### About this task
Transcribe the data underneath exactly. No images belong in your version.

### Collected material
● ● ●
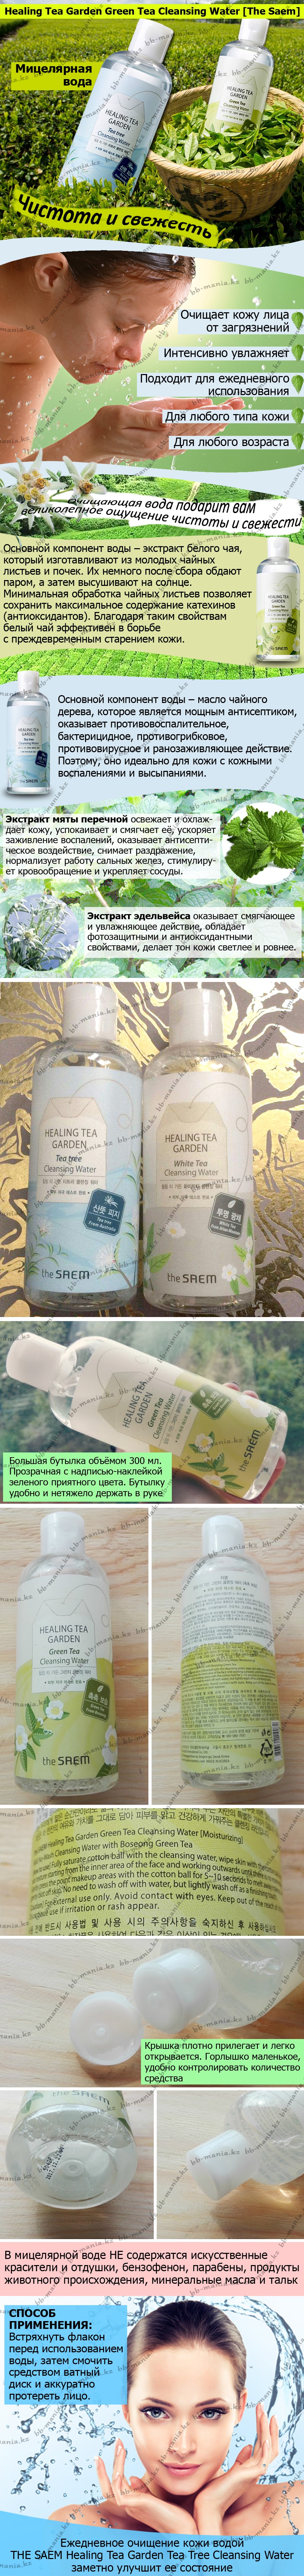 Healing-Tea-Garden-Green-Tea-Cleansing-Water-[The-Saem]-bbmania-min
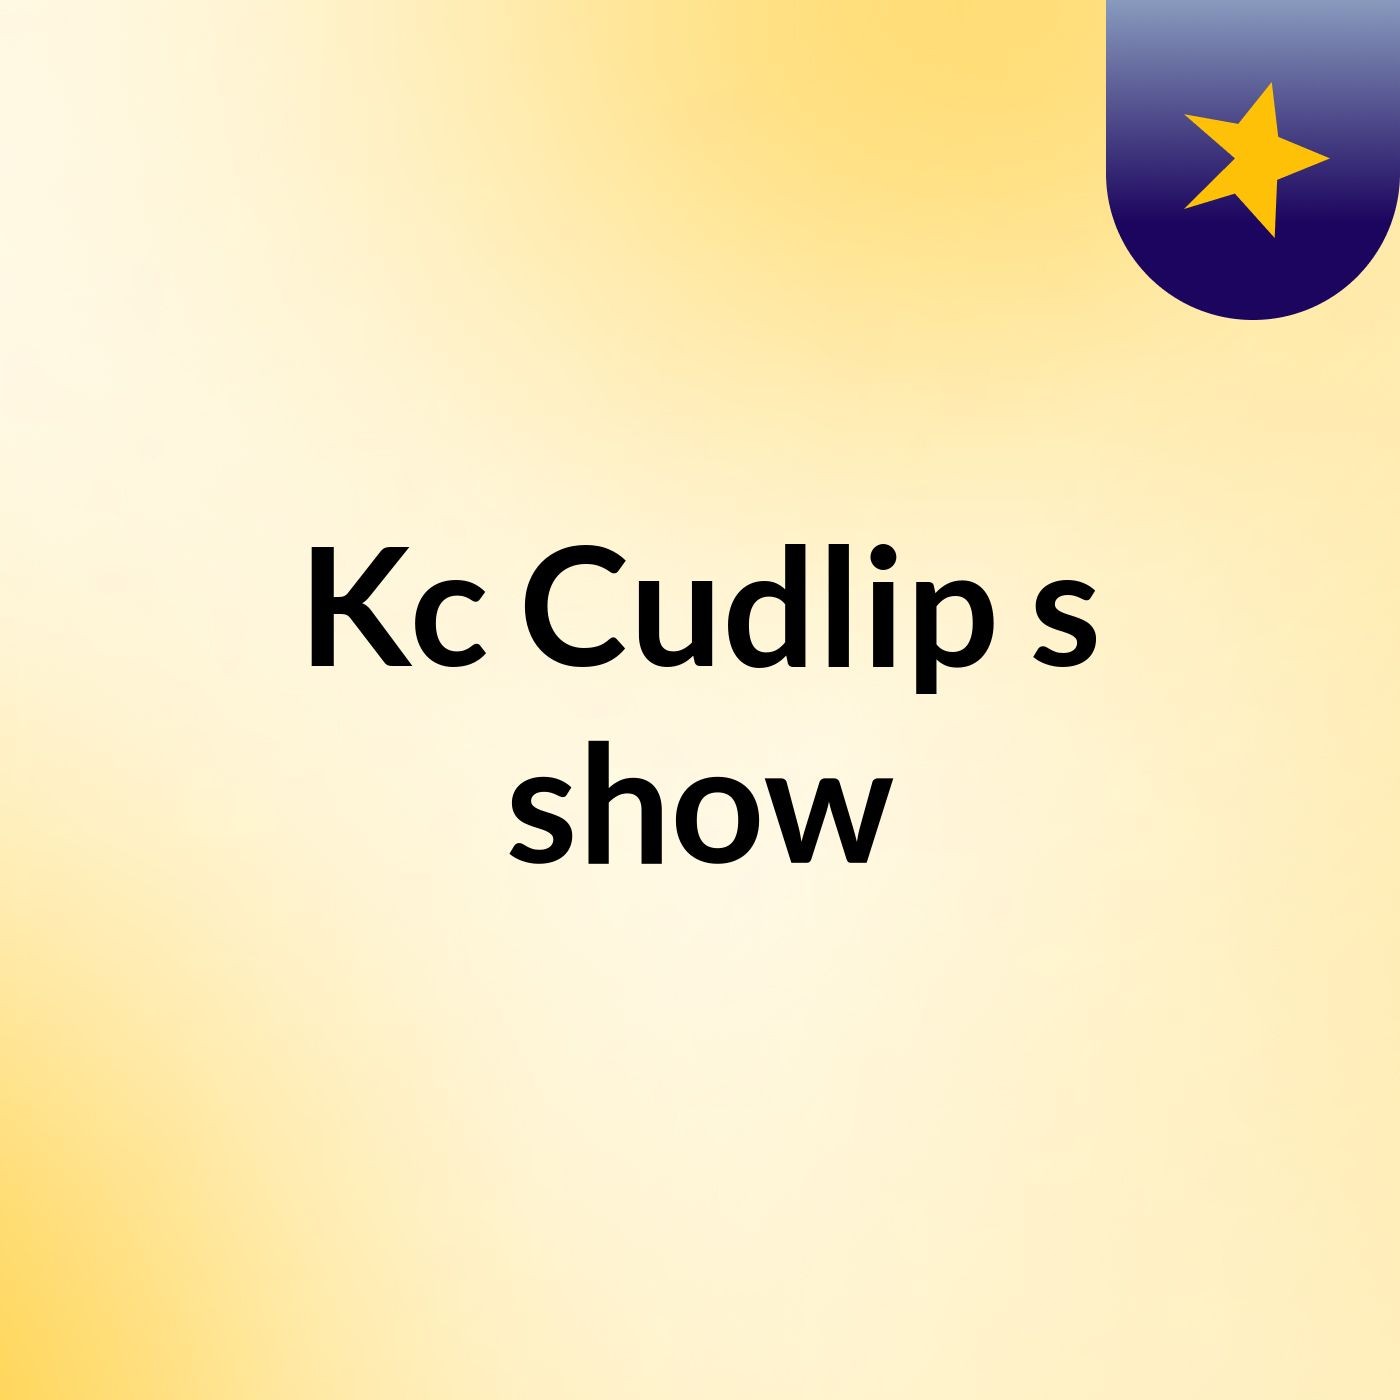 Kc Cudlip's show
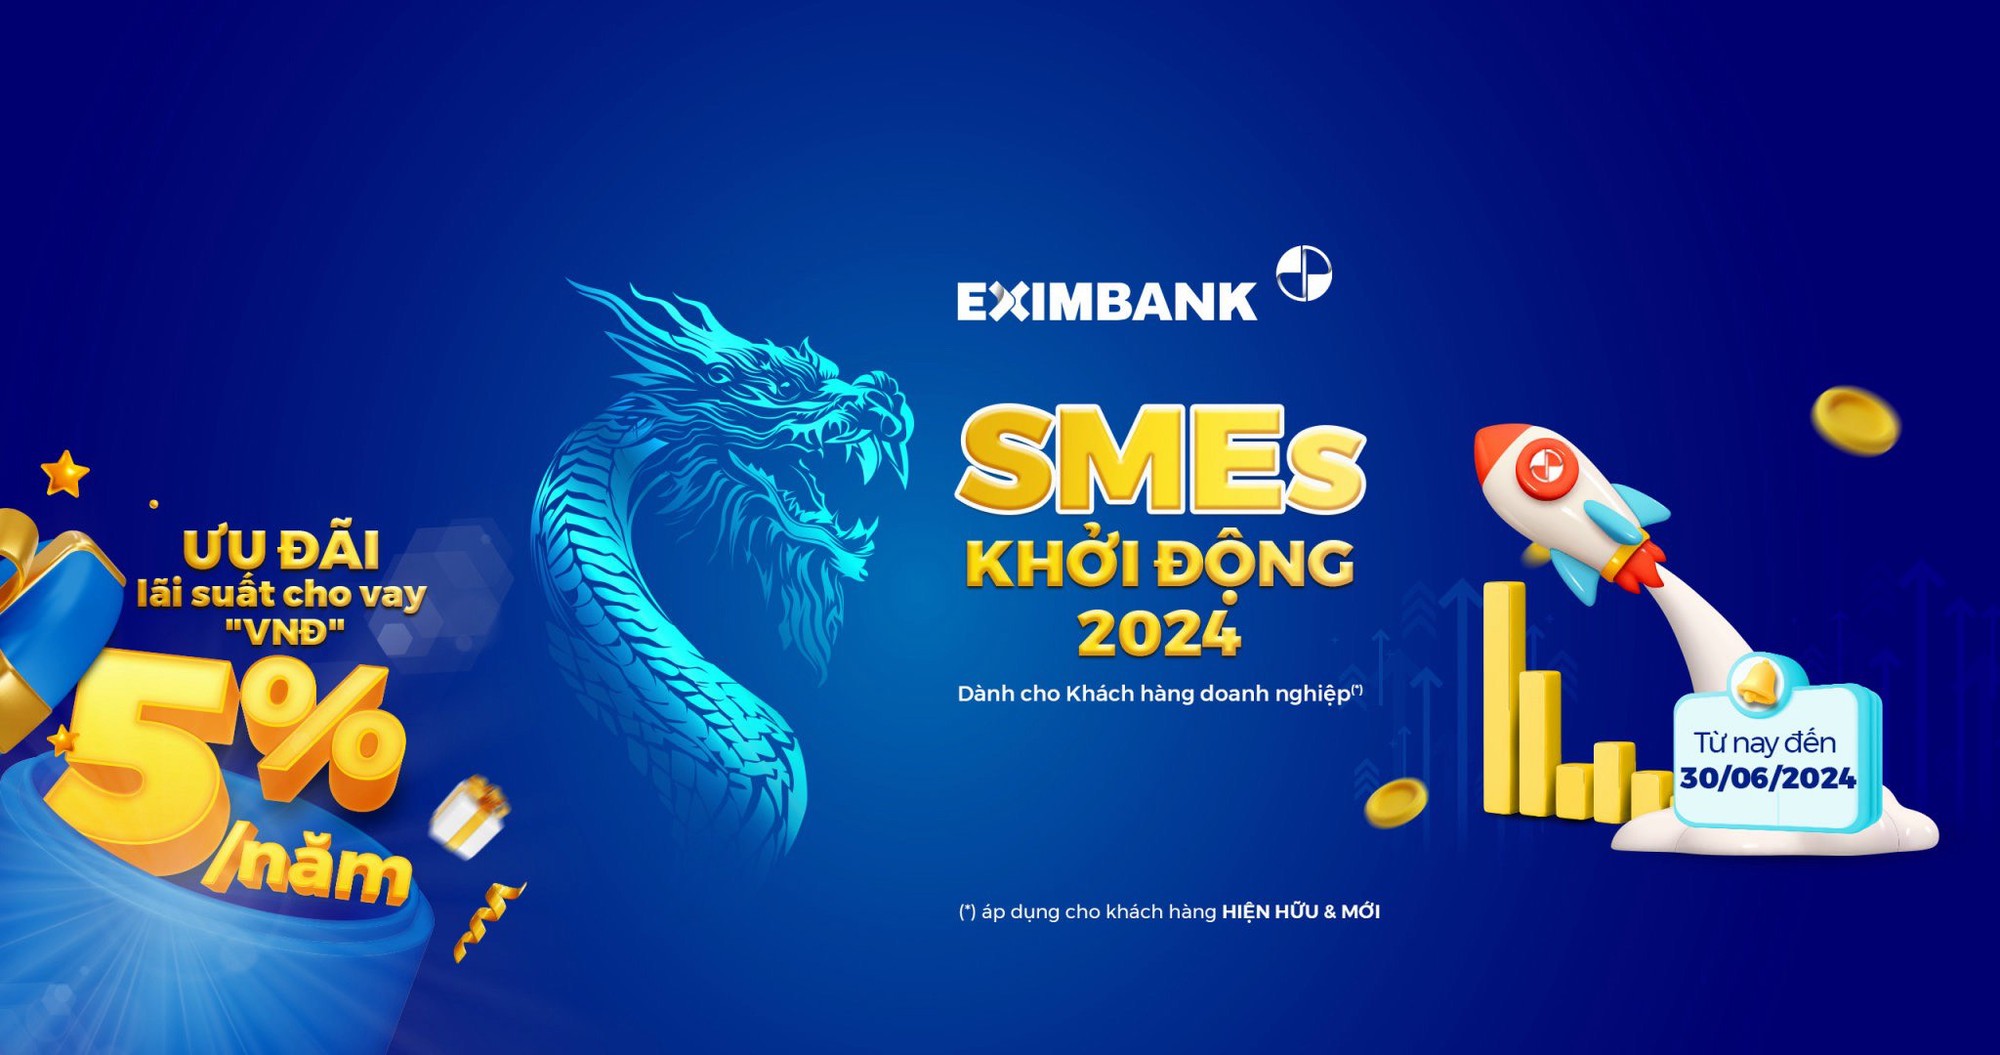 Eximbank tung chương trình cho vay ưu đãi “SMEs – Khởi động 2024”- Ảnh 1.
● ● ●
### Problem solution
 Healing-Tea-Garden-Green-Tea-Cleansing-Water-[The-Saem]-bbmania-min
 Kc Cudlip's show
 Eximbank tung chương trình cho vay ưu đãi “SMEs – Khởi động 2024”- Ảnh 1.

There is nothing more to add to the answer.